Since its founding, Law Forward has engaged in a series of lawsuits including:

=== Fake Electors ===
In 2022, Law Forward and co-counsel at Georgetown University Law Center’s Institute for Constitutional Advocacy and Protection (ICAP) filed a civil suit, against Wisconsinites involved in the 2020 fraudulent electors scheme, uncovering the fact that the strategy was developed in Wisconsin by attorney Jim Troupis and legal adviser Ken Chesebro before spreading across the nation. Extensive texts and messages uncovered in the discovery process can be found on the Law Forward website. Wisconsin Attorney General Josh Kaul filed multiple felony charges against the attorneys in 2024.

=== Fair Maps ===
In 2023, Law Forward, along with co-counsel Stafford Rosenbaum, Election Law Clinic at Harvard Law School, Campaign Legal Center, and Arnold & Porter, overturned gerrymandered state legislative maps in the Wisconsin Supreme Court. The Clarke v. Wisconsin Elections Commission case resulted in new maps passed by the Republican legislature, signed into law by Governor Tony Evers (D), and used for elections in 2024.

In 2025, Law Forward, along with counsel at Stafford Rosenbaum LLP and the Election Law Clinic at Harvard Law School, filed a motion to intervene in Bothfeld v. Wisconsin Elections Commission charging that Wisconsin’s Congressional maps constitute an anti-competitive gerrymander.

=== Union Rights ===
In 2024, Law Forward along with co-counsel Bredhoff & Kaiser, overturned the anti-union 2011 Wisconsin Act 10 law in Dane County Circuit Court. The law, which was enacted by former Governor Scott Walker (R), sparking mass protests in 2011, led to a crisis in teacher pay and retention and harmed the public education system, according to reports.

=== Accountability ===
In 2023, Law Forward filed a 100-page complaint to the Wisconsin Office of Lawyer Regulation (OLR), alleging that Supreme Court Justice Michael Gableman engaged in unethical and deceitful conduct during  a probe into the results of the 2020 election. Gableman was appointed to an Office of Special Counsel by Wisconsin Assembly Speaker Robin Vos in 2021. Gableman was fired by Vos a year later, and the price tag for the probe reached some $2 million. In 2025, Gableman stipulated to the suspension of his law license for three years in an agreement with the Office of Lawyer Regulation.

In 2025 Law Forward, Democracy Defenders Fund, and Hecker Fink LLP filed a complaint in Dane County Circuit Court on behalf of the nonpartisan Wisconsin Democracy Campaign and a group of Wisconsin voters, alleging “that billionaire Elon Musk and groups affiliated with him violated multiple Wisconsin laws—including the election-bribery statute—during the 2025 Wisconsin Supreme Court election."

== People ==
The Legal Advisory Council at Law Forward includes former legislators, politicians, and judges.

- Hon.
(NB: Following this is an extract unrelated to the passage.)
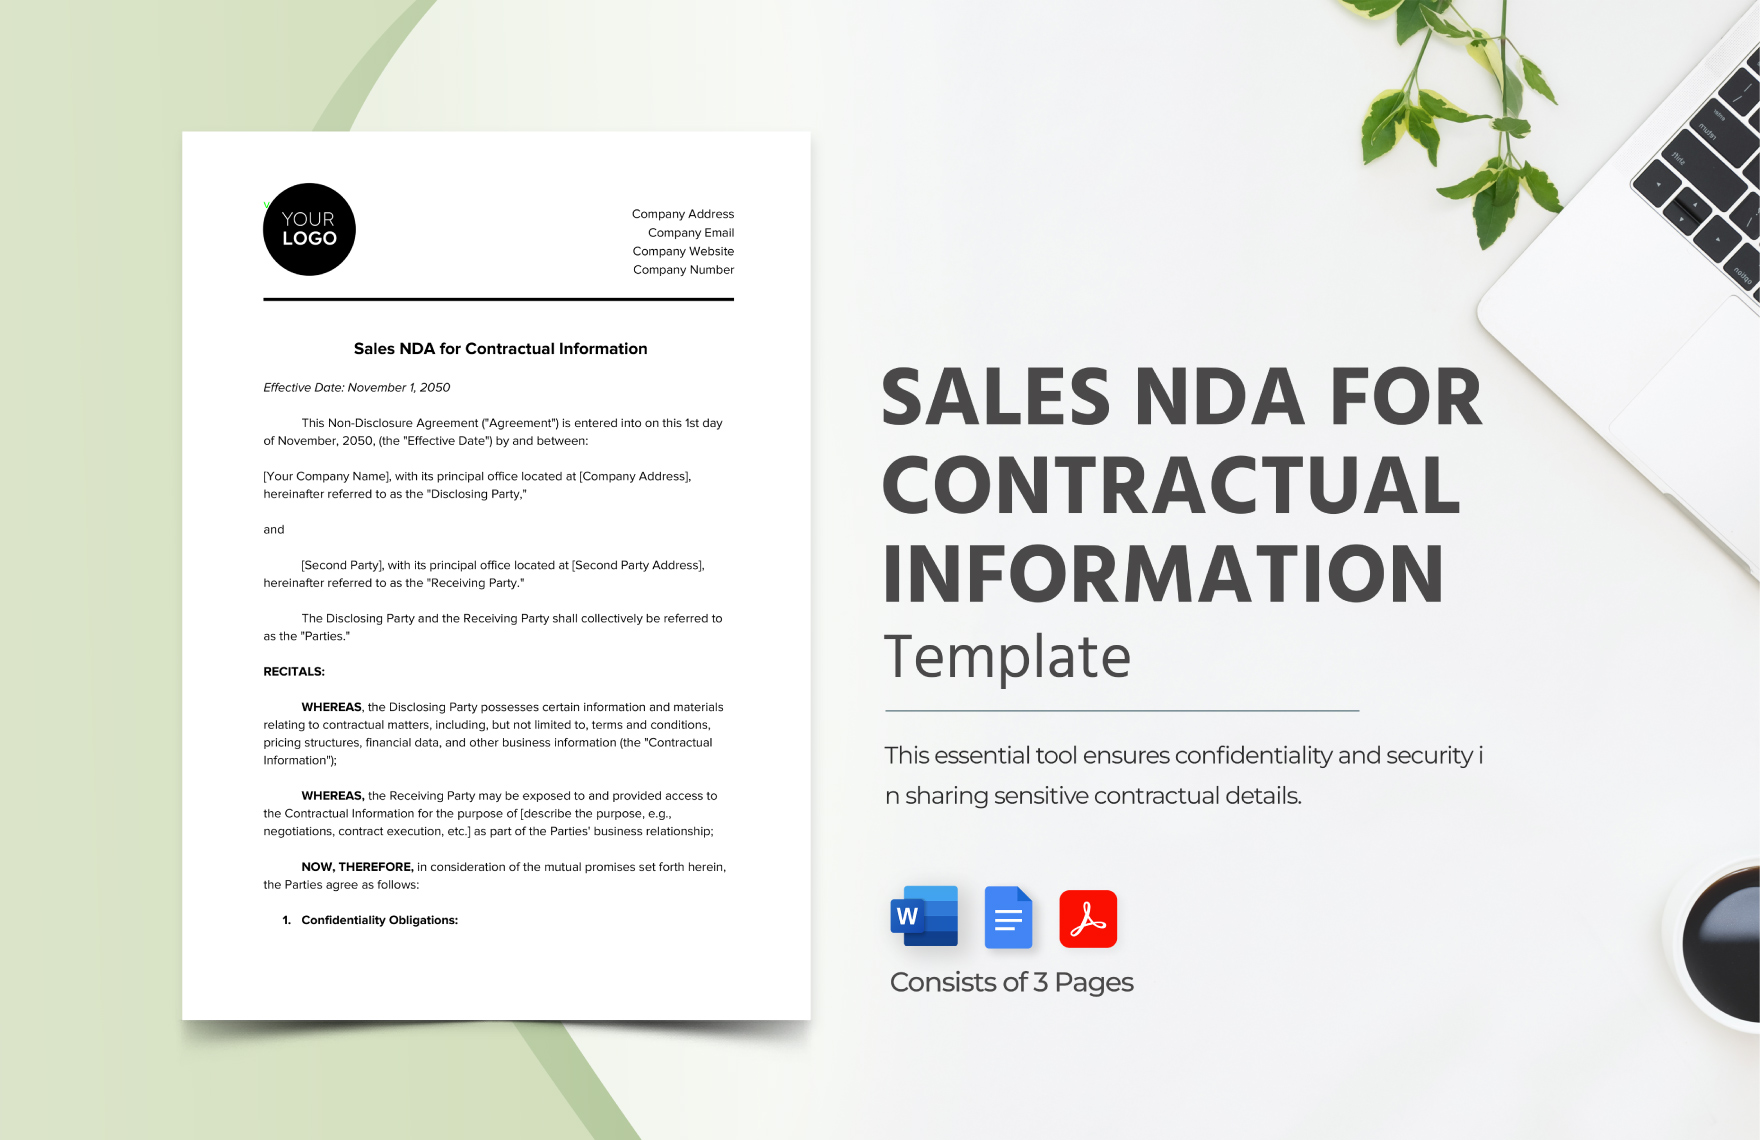 Sales NDA for Contractual Information Template

Russ Feingold, Former United States Senator from Wisconsin, President of the American Constitution Society, Honorary Co-Chair
- Hon. Barbara Lawton, Former Lieutenant Governor of Wisconsin, Honorary Co-Chair
- Hon. Paul Higginbotham, Former Judge for the Wisconsin Court of Appeals
- Ian Bassin, Executive Director of Protect Democracy

== Media ==
Mandell has been interviewed in various media outlets, including the Rachel Maddow Show on MSNBC, The Washington Post, The New York Times, the Milwaukee Journal Sentinel, the Associated Press and many others.